"Выходной Петербург". Из диафрагмы

"Евгений Онегин" в Мариинском театре

Чайковский в своем либретто сделал хрестоматийный внутренний монолог "Мой дядя самых честных правил…", с которого начинается "Евгений Онегин", рассказом: Евгений все это излагает Татьяне при первой встрече. Притом в партитуре на словах "Но боже мой, какая скука с больным сидеть и день, и ночь, не отходя ни шагу прочь!" стоит f — forte. Андрей Бондаренко понял указание "громко" буквально, в этой фразе экспрессивно повысив голос. Допустим, отличный баритон Бондаренко романа Пушкина не читал. Но режиссер–то должен был ему объяснить, что на самом деле герою вовсе не пришлось сидеть с больным, как он боялся, потому нет никаких оснований для столь яростной жалобы на скуку, это просто светская беседа с девушкой.

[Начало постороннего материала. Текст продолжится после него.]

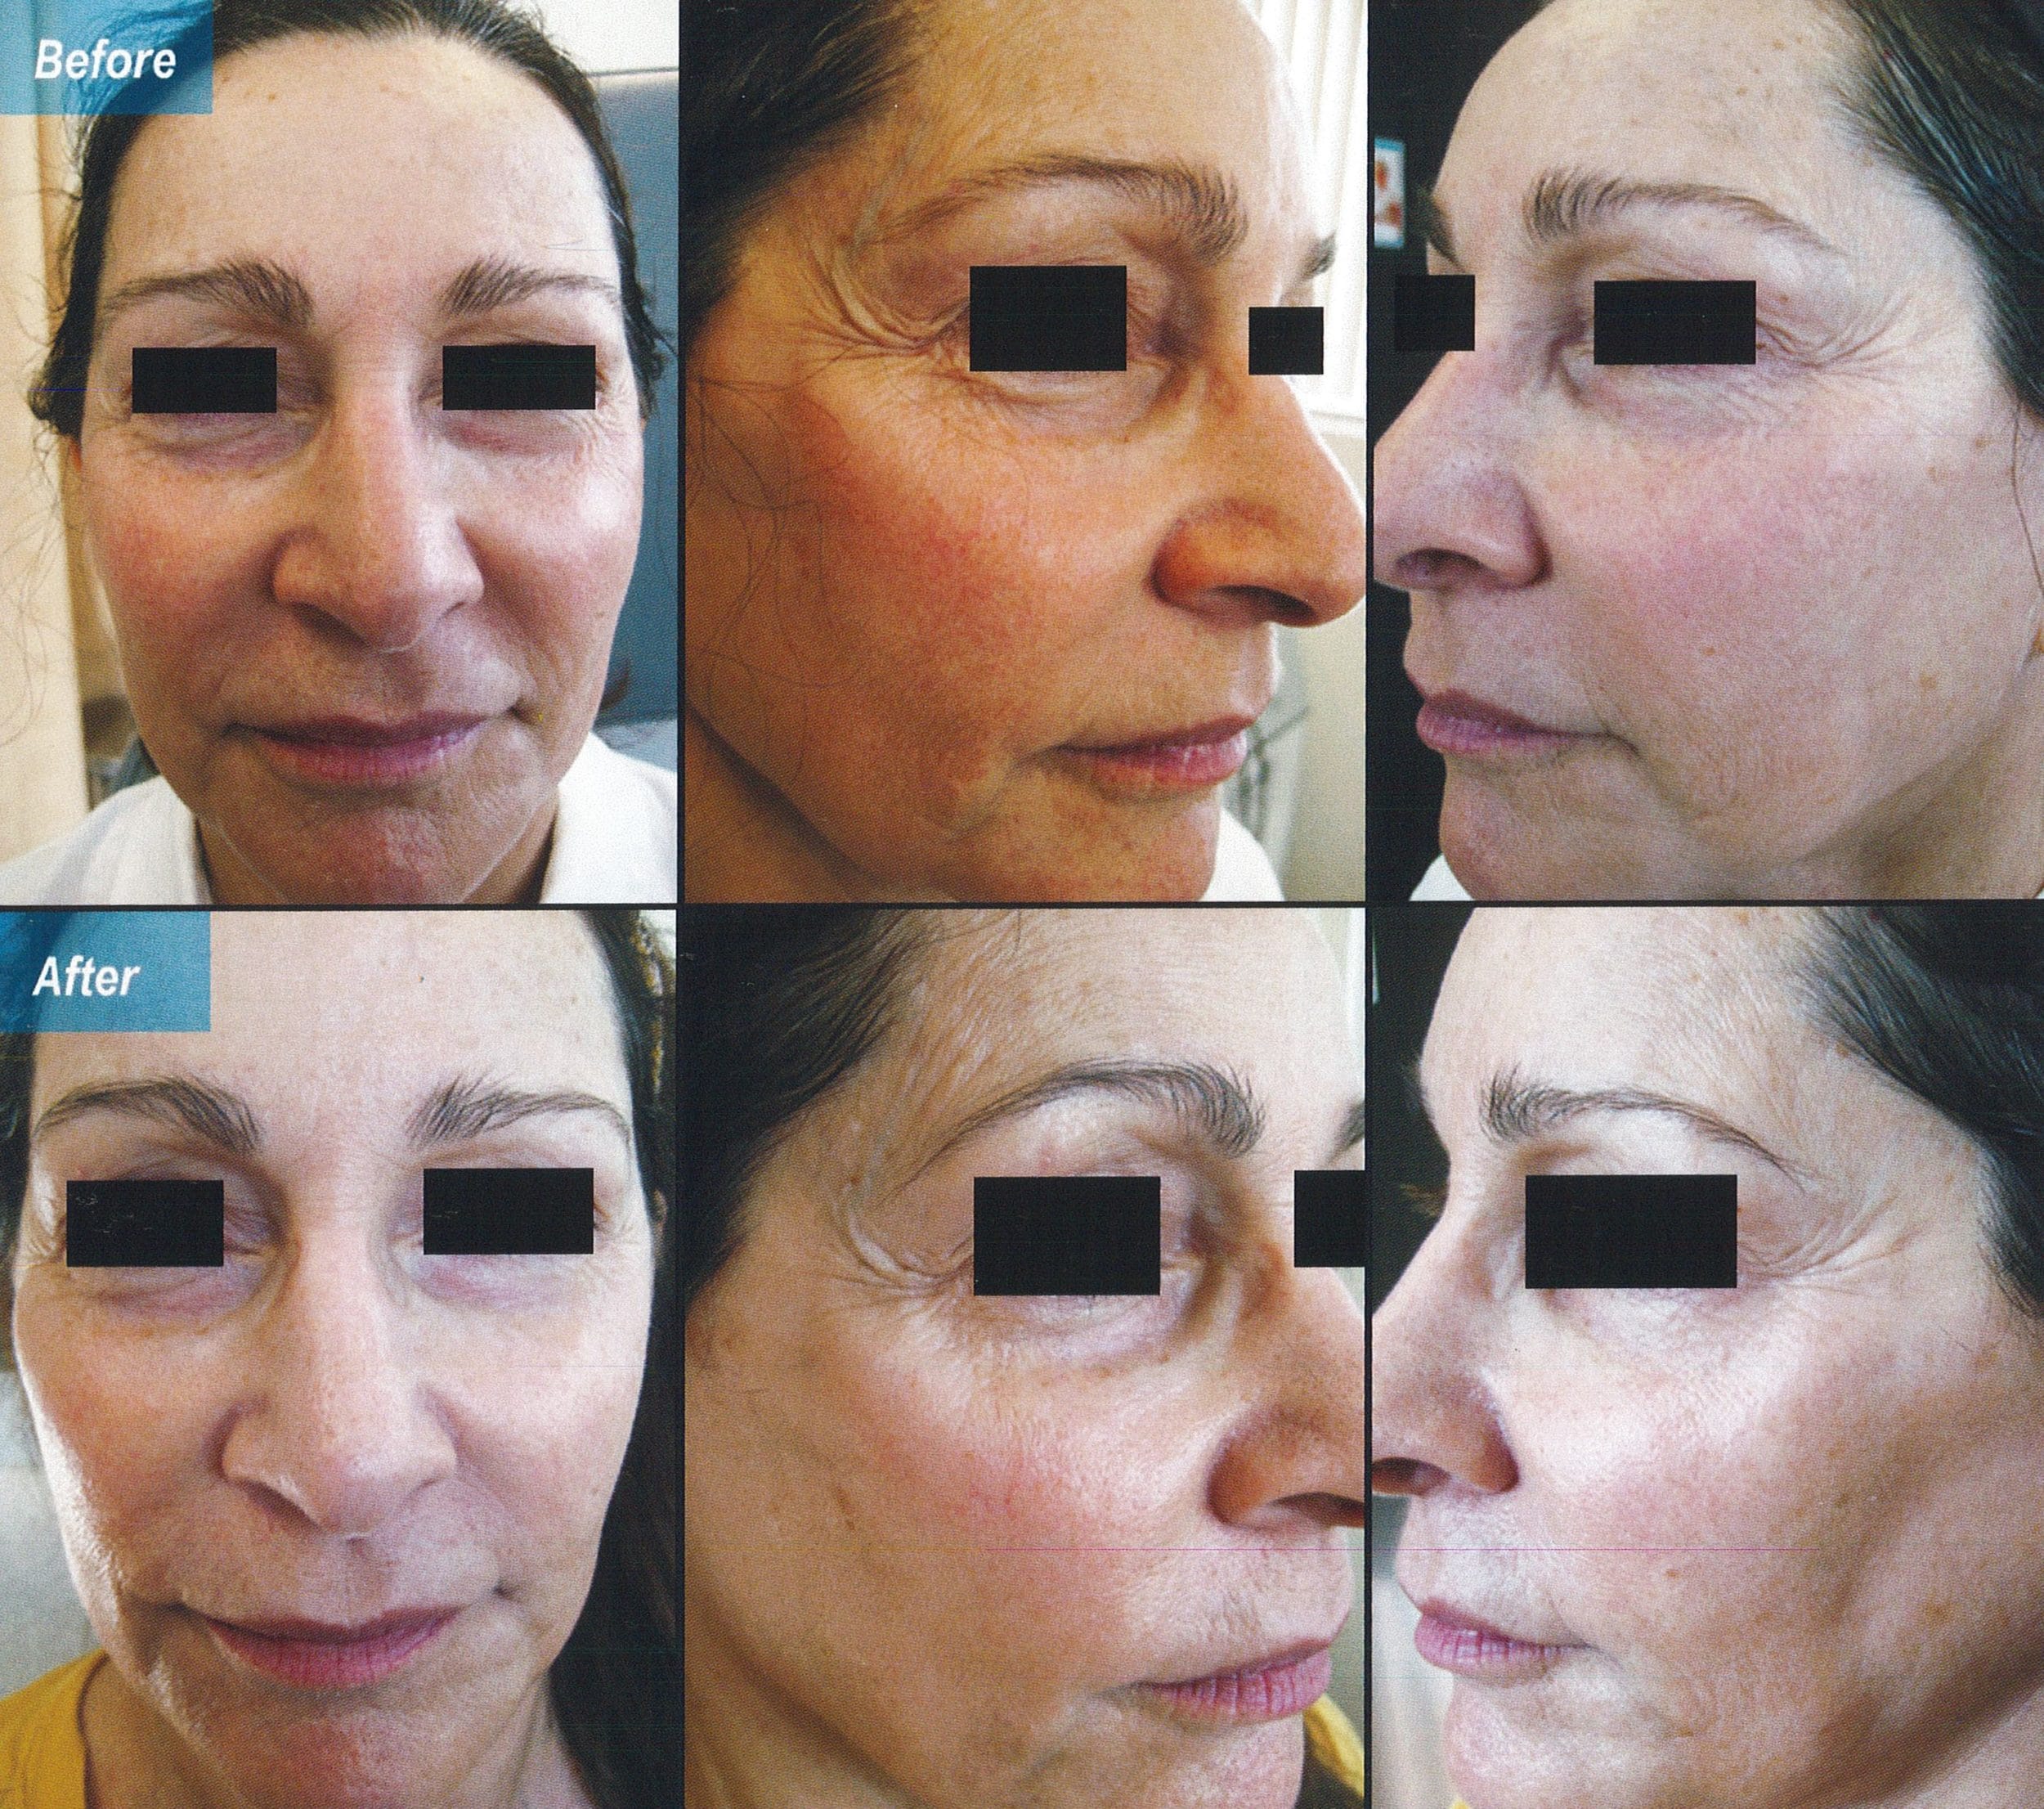 female patient before and 3 Weeks after chemical peel, with clearer skin after

Однако у режиссера Алексея Степанюка другие заботы, нежели попечение об элементарной психологической правде. Ему, по его собственной декларации, "важна тема конфликта Запада с Россией. Может быть, в какой–то мере Татьяна и Онегин символизируют два этих полярных мира… Поначалу Россия терпит поражение и несет духовные, материальные и человеческие потери, а потом, в какой–то момент, она собирает свои силы, природные и моральные ресурсы и воскресает".

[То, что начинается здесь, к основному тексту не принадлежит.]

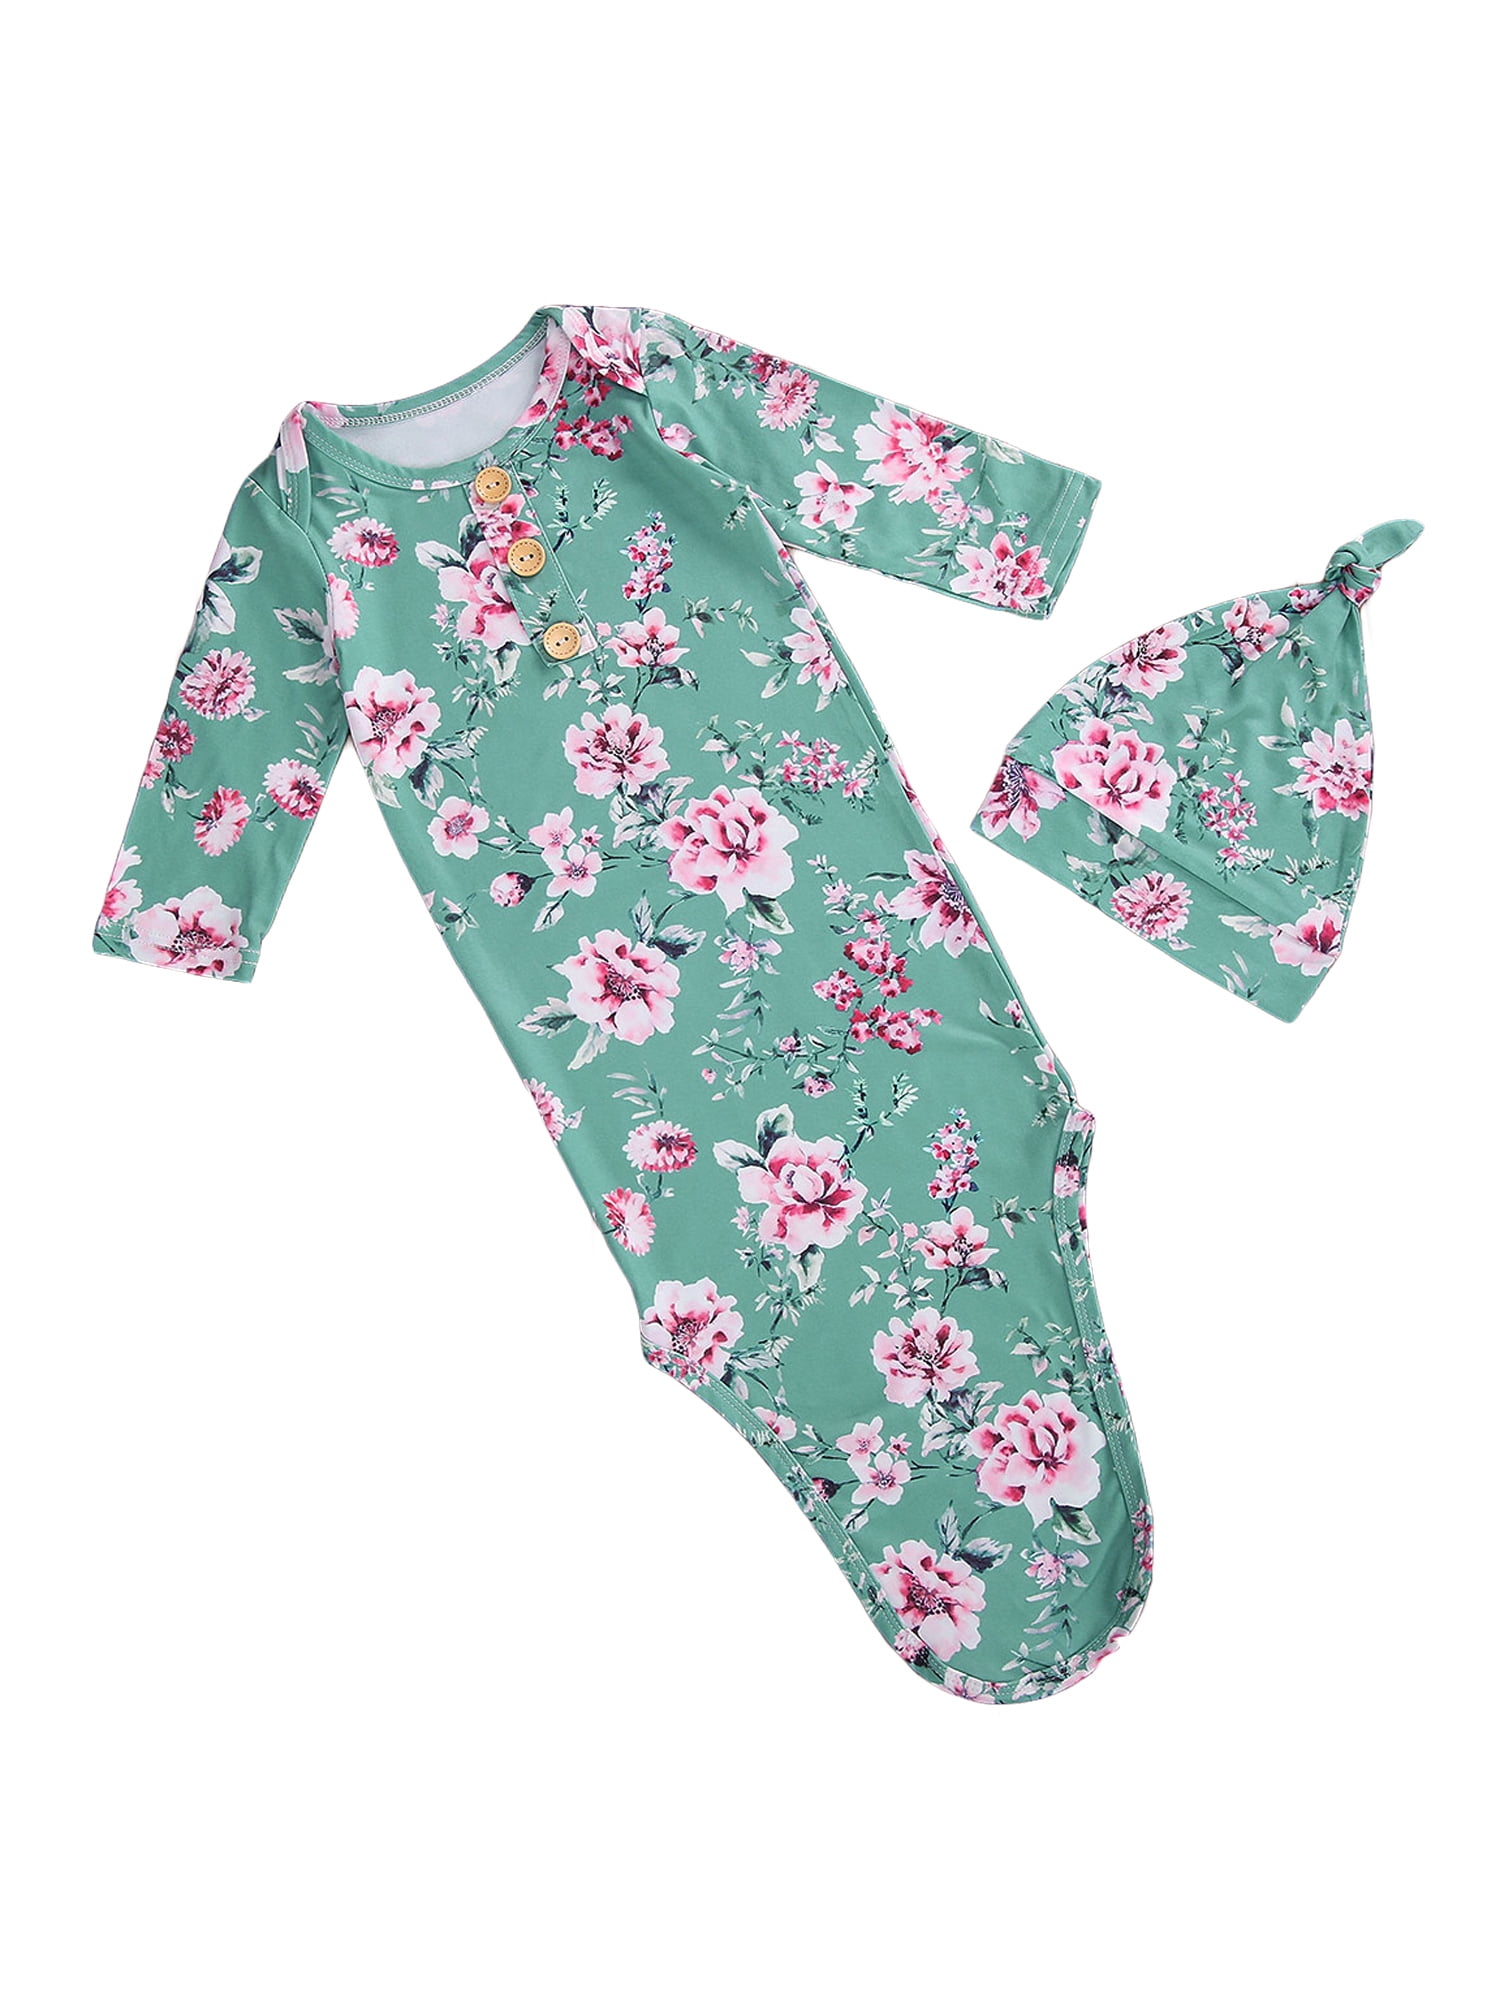 Newborn Infant Baby Girl Boy Gowns Sleeping Bag Pajamas Coming Home Outfits Swaddle Blanket Cotton Nightgown Sleepwear

Как этот шалый бред реализован в сценическом тексте? Никак. Потому что сценического текста, в котором реализуется цельное развернутое режиссерское высказывание, нет. А есть рутинная разводка, на каковой набили руку ремесленники, десятилетиями подвизающиеся в Мариинском театре. К этой когорте принадлежит и господин Степанюк. Художник Александр Орлов по делу использует технические возможности Новой сцены, в частности соединив раздвижной и подъемный занавесы. Они идут одновременно, образуя своего рода диафрагму в объективе: в темной плоскости поначалу вырезается маленький световой прямоугольник, он раздвигается до всего зеркала сцены — очень выразительно, будто нам открывают окно в другой мир. Так вот, начало картины письма идет "концертно" — перед занавесом, а когда тот расходится, Татьяна (не стоять же ей на месте) бежит по занимающим всю ширь ступеням, усыпанным яблоками. Есть стол — вскакивает на стол, качели — и на них недурно покачаться, так немаленький хронометраж музыки мизансценически и освоили.
Или на балу в Петербурге во время знаменитого (и довольно длинного) полонеза надо ведь что–то делать — гости на заднем плане, за черными колоннами и сказочной красоты черно–золотыми вазами на постаментах, двигаются в рапиде, а впереди старуха графиня из "Пиковой дамы" (или фея Карабос из "Спящей красавицы" — какая разница, все одно Чайковский) наступает на Онегина, испытующе глядит ему в глаза… Что это значит? Да всего лишь то, что нынче разводки мало, должна быть видна режиссура, по возможности "концептуальная", а то вроде как и не модно. Или вот, к примеру, когда Онегин застрелил Ленского, monsieur Guillo, взятый им в секунданты, со страху решил драпануть, а Зарецкий его за полу хвать! Зачем ему онегинский камердинер? Ни за чем, зато мизансцена оживилась.
А уж как она оживилась, когда Ленский, спев положенное "Я люблю вас, Ольга", декларируемое чувство тут же принялся реализовывать, завалив Ольгу в стог сена, хорошо хоть старушка Ларина вовремя вернулась!
Этой безвкусице и глупости противостоит стильная умная работа оркестра Валерия Гергиева. Такой же она была и 12 лет назад в "Онегине" режиссеров Моше Ляйзера и Патриса Корье. Остается лишь сожалеть, что тот прекрасный спектакль, как водится в Мариинке, быстренько погубили. Чтобы вместо него воздвигнуть нынешнюю ерунду.